Applying these conditions helps us better understand how the two materials interact.
Relaxation Approach
Instead of using traditional methods that might take longer to compute, we adopt a relaxation technique. This technique allows us to simplify the computations by gradually adjusting the system towards a stable state.
Jin-Xin Relaxation
This technique helps us break down the problem into smaller, manageable parts. We treat the solid and fluid separately initially and then blend their results, making sure they uphold the connection conditions at the interface.
Numerical Method
To solve the models, we use a numerical approach, which allows us to simulate the behavior of the solid and fluid over time.
Finite Volume Method
We divide the area of interest into smaller sections (cells) and apply computational techniques to determine how the properties of the materials change within each cell at different time intervals.
Implementation in Code
The numerical model is implemented in a computational program that will simulate the interaction over time. The program calculates new values for pressure, speed, and volume fractions based on the interaction of the solid and fluid.
Simulation Process
Once the models and Numerical Methods are set up, we run simulations to observe how the vapor bubble collapses near the solid.
Initial Conditions
We start with a specific setup. On one side of the interface, we have the solid defined by its material properties. On the other side, we have the fluid containing a vapor bubble surrounded by a liquid.
Running the Simulation
As the simulation progresses, we check how the fluid's pressure and speed change in response to the solid's reaction. We also monitor the volume fractions of the fluid phases to see how they evolve.
Observations from the Simulation
The results provide insights into how the collapse affects both the fluid and solid.

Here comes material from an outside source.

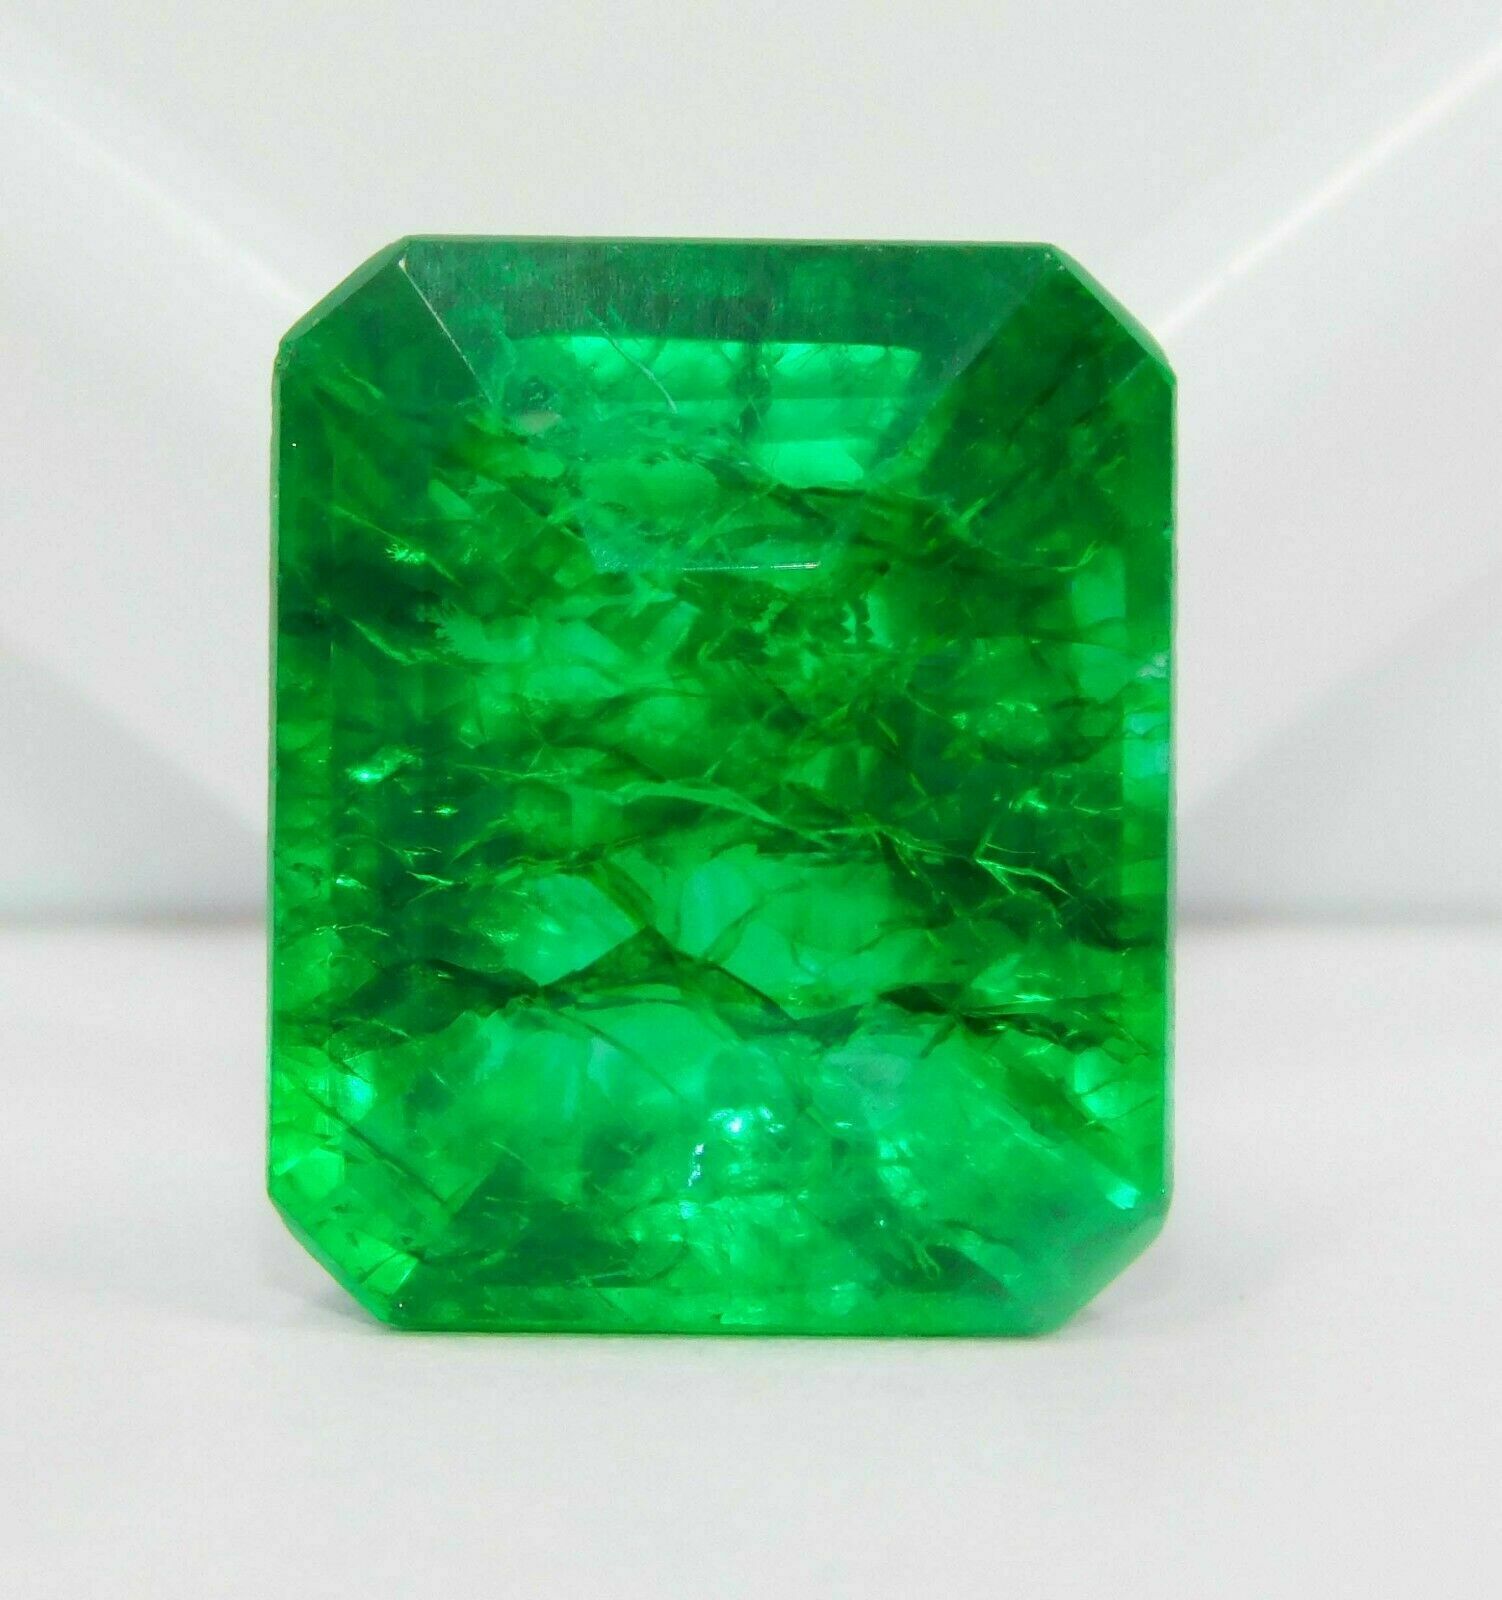 Natural Certified Emerald Shape 9 Ct Green Colombian Emerald Loose Gemstone

Pressure and Speed Changes
Throughout the simulation, we notice significant oscillations in both pressure and speed near the interface. These changes reflect the interaction between the fluid and solid as waves of pressure travel through the materials.
Phase Changes
We observe variations in the volume fractions of the two fluid phases. These changes reveal how the collapse of the bubble influences the proportion of vapor and liquid over time.
Importance of the Study
Understanding these interactions has extensive implications for various applications. Whether it is designing better underwater structures, improving medical procedures, or enhancing material behavior prediction, this research helps advance our knowledge.
Conclusion
This article presents a simplified view of how a collapsing vapor bubble interacts with a solid structure. Through effective modeling and numerical simulation, we can gain valuable insights into these complex interactions. Further studies can refine these models for better accuracy and application in real-world scenarios.

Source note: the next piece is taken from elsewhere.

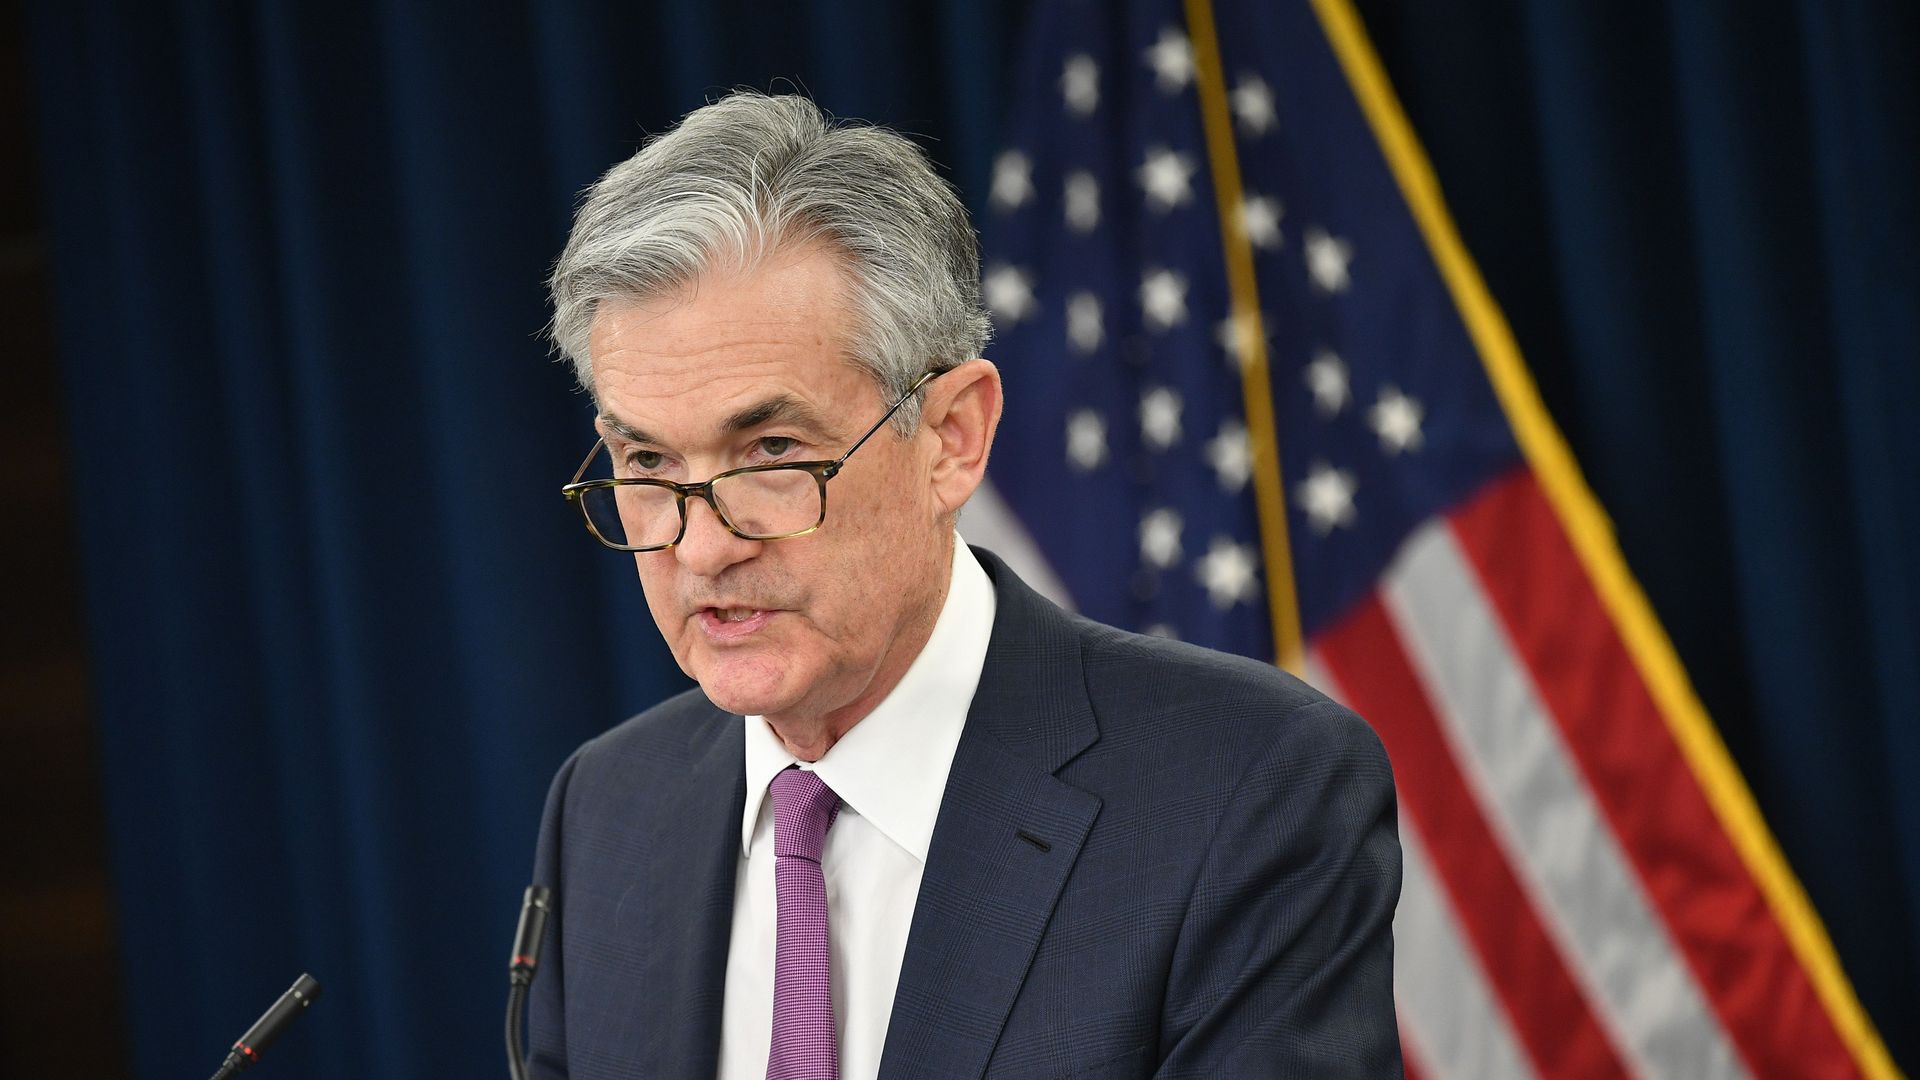 Federal Reserve Board Chair Jerome Powell speaks during a press conference

Title: A relaxation approach to the coupling of a two-phase fluid with a linear-elastic solid
Abstract: A recently developed coupling strategy for two nonconservative hyperbolic systems is employed to investigate a collapsing vapor bubble embedded in a liquid near a solid. For this purpose, an elastic solid modeled by a linear system of conservation laws is coupled to the two-phase Baer-Nunziato-type model for isothermal fluids, a nonlinear hyperbolic system with non-conservative products. For the coupling of the two systems the Jin-Xin relaxation concept is employed and embedded in a second order finite volume scheme. For a proof of concept simulations in one space dimension are performed.
Authors: Niklas Kolbe, Siegfried Müller
Last Update: Sep 9, 2024
Language: English
Source URL: https://arxiv.org/abs/2409.05473
Source PDF: https://arxiv.org/pdf/2409.05473
Licence: https://creativecommons.org/licenses/by-nc-sa/4.0/
Changes: This summary was created with assistance from AI and may have inaccuracies. For accurate information, please refer to the original source documents linked here.
Thank you to arxiv for use of its open access interoperability.